SELECT Statements
Theselect() function is the primary way to construct SELECT queries in SQLAlchemy Core. It provides a fluent API for building complex queries.
Basic SELECT
Simple Queries
from sqlalchemy import select
# SELECT all columns
stmt = select(users)
# SELECT users.id, users.name, users.email FROM users
# SELECT specific columns
stmt = select(users.c.id, users.c.name)
# SELECT users.id, users.name FROM users
# SELECT with expressions
stmt = select(users.c.name, func.length(users.c.name).label('name_length'))
Signature:
select(*entities) -> SelectCreates a SELECT statement.
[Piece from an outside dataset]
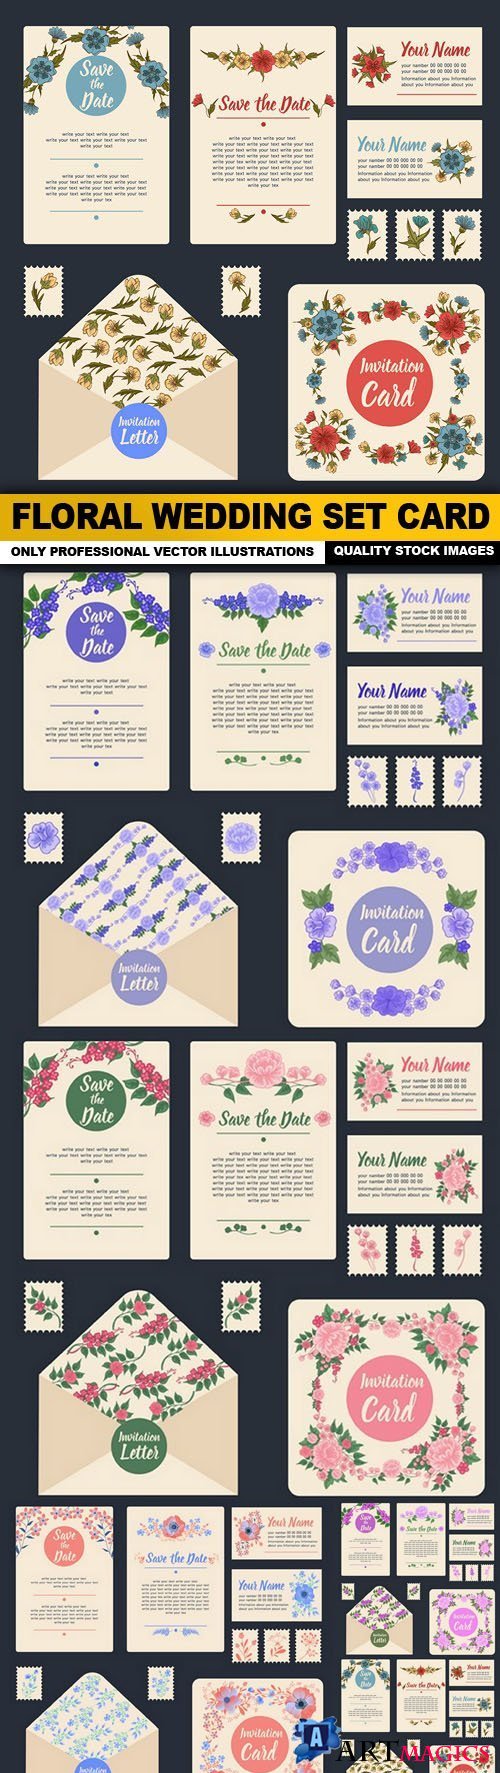 Floral Wedding Set Card - 5 Vector

Accepts table objects, columns, or any column expressions.WHERE Clause
# Single condition
stmt = select(users).where(users.c.name == 'alice')
# Multiple conditions (AND)
stmt = select(users).where(
users.c.age >= 18,
users.c.status == 'active'
)
# Same as:
stmt = select(users).where(users.c.age >= 18).where(users.c.status == 'active')
# OR conditions
from sqlalchemy import or_
stmt = select(users).where(
or_(
users.c.role == 'admin',
users.c.role == 'moderator'
)
)
ORDER BY, LIMIT, OFFSET
from sqlalchemy import desc
# ORDER BY
stmt = select(users).order_by(users.c.name)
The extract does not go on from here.